With this it will be convenient to discuss the following amendments: No. 13, in
clause 36, page 39, line 19, leave out 'The disadvantaged person' and insert
'Any company other than the advantaged person (''the electing company'')'.
No. 14, in
clause 36, page 39, line 20, leave out
'condition in sub-paragraph (3) below is'
'conditions in both of sub-paragraph (3) and sub-paragraph (3A) below are'.
No. 15, in
clause 36, page 39, line 22, after 'condition', insert 'in this sub-paragraph'.
No. 16, in
clause 36, page 39, line 31, at end insert—
'(3A) The condition in this sub-paragraph is that arrangements are made by the electing company for securing the payment of any tax which, but for the election under this paragraph, would have been payable by the advantaged person in respect of the application of paragraph 1(2) above in relation to the relevant security by virtue of paragraph 1A above and those arrangements are approved by the Board for the purposes of this paragraph.
(3B) If any information furnished by the electing company for the purpose of securing the approval of the Board under sub-paragraph (3A) above does not fully and accurately describe all the facts and considerations material for the decision of the Board under that sub-paragraph, any resulting approval of the Board shall be void.'.
No. 17, in
clause 36, page 39, line 33, leave out 'the disadvantaged person'.
No. 18, in
clause 36, page 39, line 34, after '(a)', insert 'the disadvantaged person'.
No. 19, in
clause 36, page 39, line 36, leave out 'a chargeable period' and insert
'any chargeable period ending on or after the date of the election'.
No. 20, in
clause 36, page 39, line 38, after 'instead', insert 'the electing company'.
No. 21, in
clause 36, page 39, line 39, leave out 'that period' and insert
'any chargeable period ending on or after the date of the election'.
No. 22, in
clause 36, page 40, line 1, leave out 'disadvantaged person' and insert 'electing company'.
No. 23, in
clause 36, page 40, leave out lines 7 to 10 and insert—
'(aa) must be made no later than twelve months from the end of the chargeable period in which the relevant security is issued.'.
No. 24, in
clause 36, page 40, leave out lines 18 to 23.
I will briefly introduce amendment No. 79, but I will not talk about amendments Nos. 13 to 24 until the hon.
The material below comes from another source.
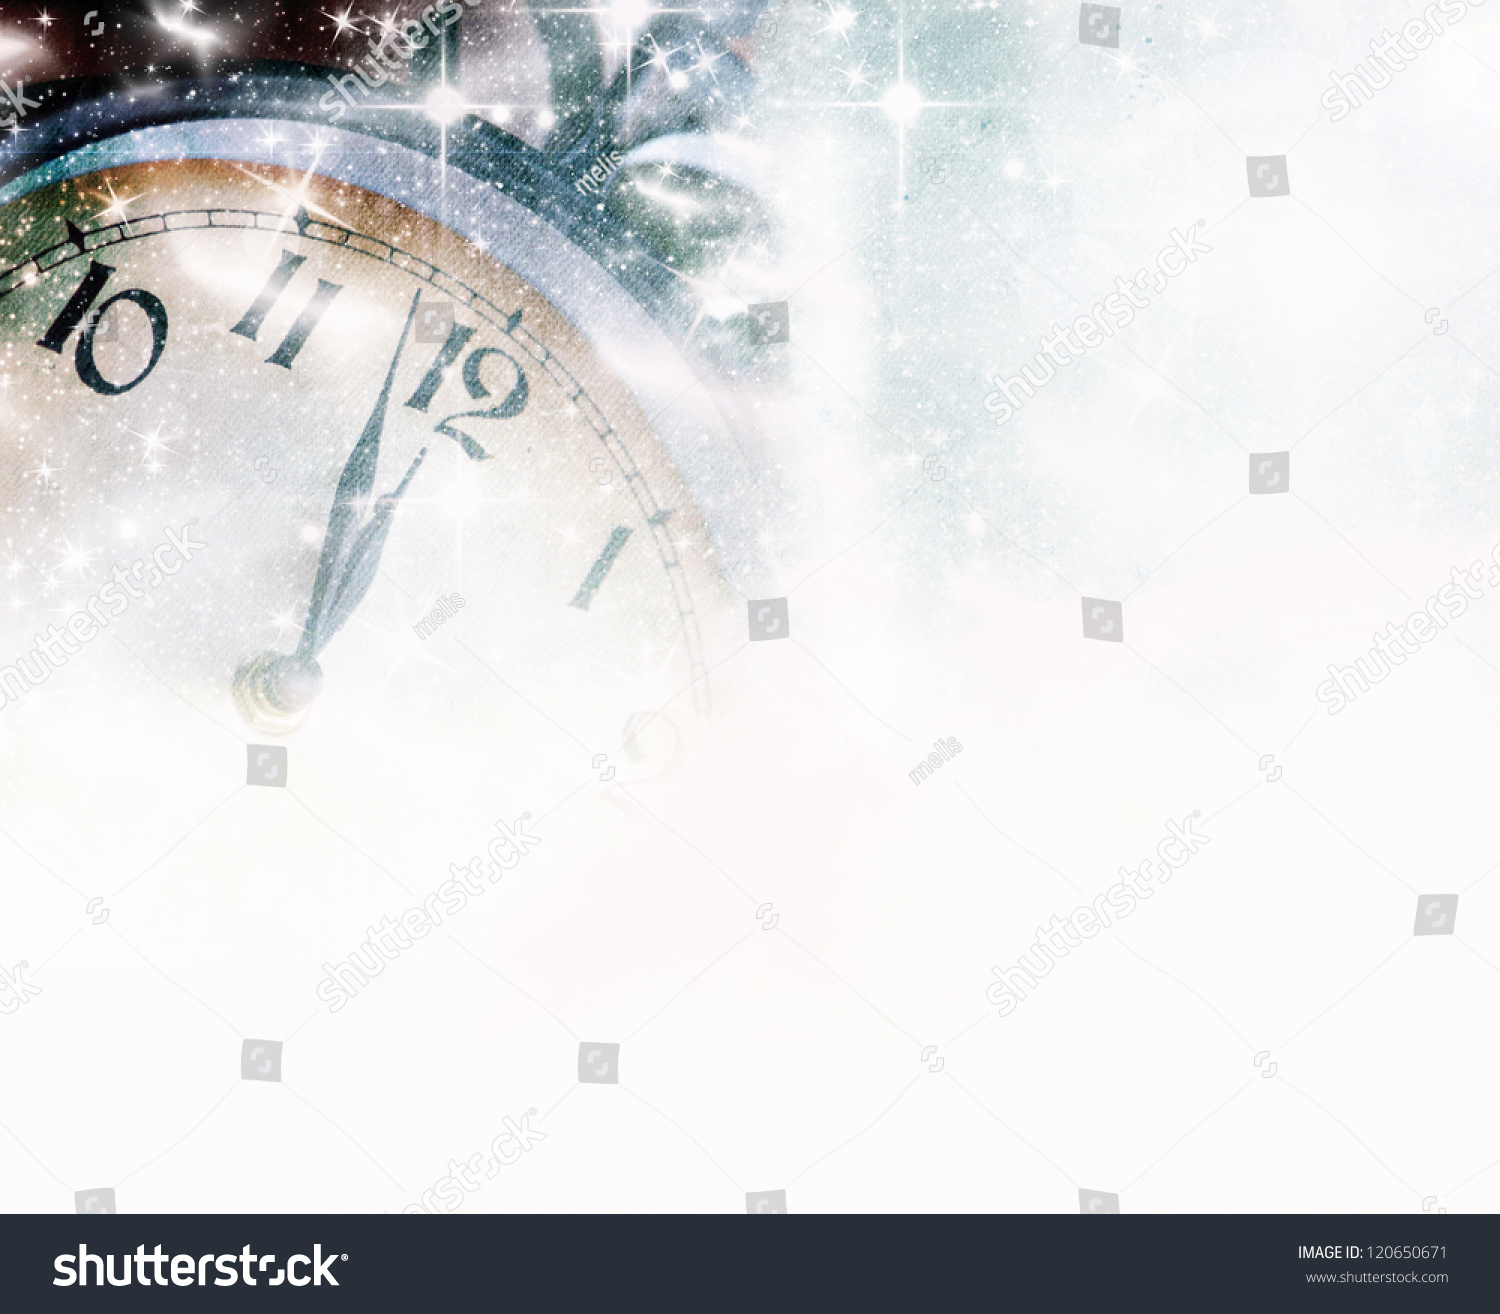 New Years Midnight Stock Photo Shutterstock

Member for Hertford and Stortford has had the opportunity to speak to them.
Amendment No. 79 extends the range of circumstances in which a special provision for securitisation may apply. As drafted, the Bill allows the securitisation rule to apply only where a transfer pricing adjustment is made to a company that is a borrower of a loan. The amendment allows the rule to apply whether the adjustment is made to a lender or a borrower. All the other conditions for the application of the rule remain the same. The amendment is being made following representations made since the Bill's publication which argued that there are circumstances in which transfer pricing potentially applies to a lender in the context of a securitisation, and that that might affect the rating of bonds issued under securitisation. The amendment will allow the special rule to apply in all circumstances, subject to the other conditions that are set out in the clause being met.
The Government consulted widely with the City before publication of the Bill, but other specialist representative groups made points following publication; hence the need for the amendment. I hope that the Committee will agree that it is a sensible solution and will support it.
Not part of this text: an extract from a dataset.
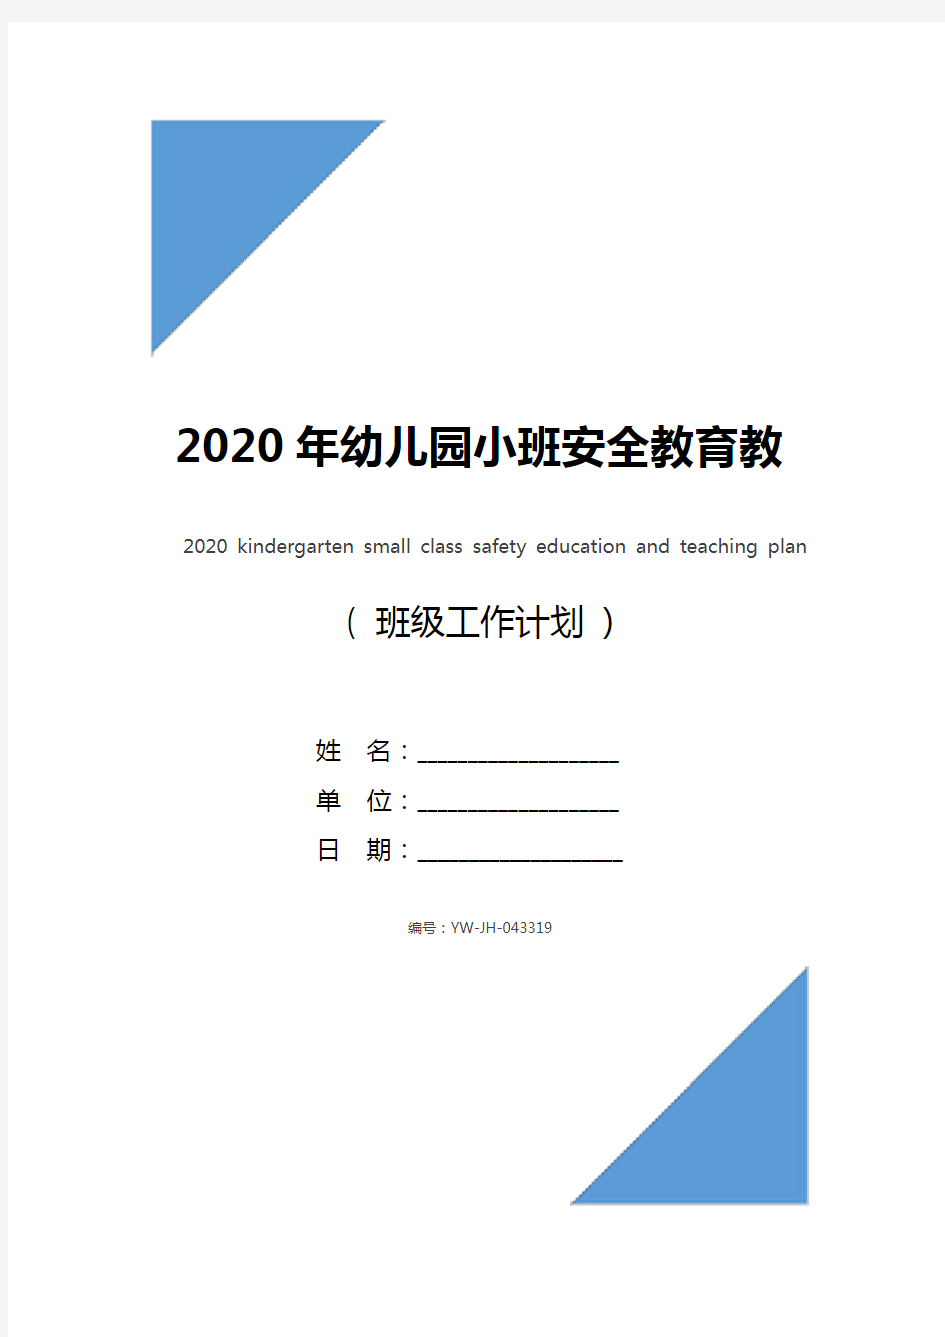 2020年幼儿园小班安全教育教学计划

Thank you, Sir John. I asked because, in considering a number of linked amendments, we might stray beyond the scope of Government amendment No. 79, although securitisation and ratings are at the heart of the matter.
The neatest way to summarise the amendments is to say that their aim is to help the clause to achieve its purpose. They may overlap with the Government amendment, which has a similarly benign intention, but that will help us to draw out the meaning behind the clause. I take the point that the question raised in a previous deliberation about the interplay between securitisation and rating agencies is more appropriate to this discussion.
The securitisation market, to which the amendments refer, lays great emphasis on ratings given to securitisation and debt by rating agencies. I mentioned those earlier. The agencies have stringent requirements regarding the creditworthiness of the securitisation structure. If the new transfer pricing regime applied in full to companies within securitisation structures, there would be a risk that one or more of the companies concerned might not obtain tax relief for all interest payments. That would have an adverse effect on such things as cash flow. The existence of such a risk would have to be reflected in the legal opinions given to the rating agencies, and that might result in a downgrading of the securitisation debt.
The amendments deal with linked concerns arising from the current provisions relating to elections under new paragraph 7B. The election referred to in that paragraph is available only to the disadvantaged person, and part of that issue is addressed by the Government amendment. The disadvantaged person is a related person who is also involved in the transaction and is subject to UK tax in relation to it. Securitisation structures typically involve a group of companies, each of which has a specific role within the group. Limiting the election to the disadvantaged person might mean that the tax cannot be borne by the appropriate company within the group. The election should be capable of being made by any person, not just the disadvantaged person, with the important condition that the Inland Revenue is satisfied that the electing company will be in a position to meet the relevant tax liabilities; hence one of the amendments.
The election is capable of being revoked by the Revenue on notice, subject, of course, to paragraph 7. No time limit is imposed on the Revenue's ability to give such notice, and its right of revocation could be problematic in some cases, because the rating agencies will assume that the election is revoked and that some of the interest on the securitisation debt is not deductible. Part of the intention of the amendments is to try to ensure that groups are able to enter into arrangements with the Revenue with the result that the securitisation group is removed for all time from its liability under the transfer pricing rules. That would enable the Revenue to review the proposals in advance, but there would not be the risk of an election being revoked respectively.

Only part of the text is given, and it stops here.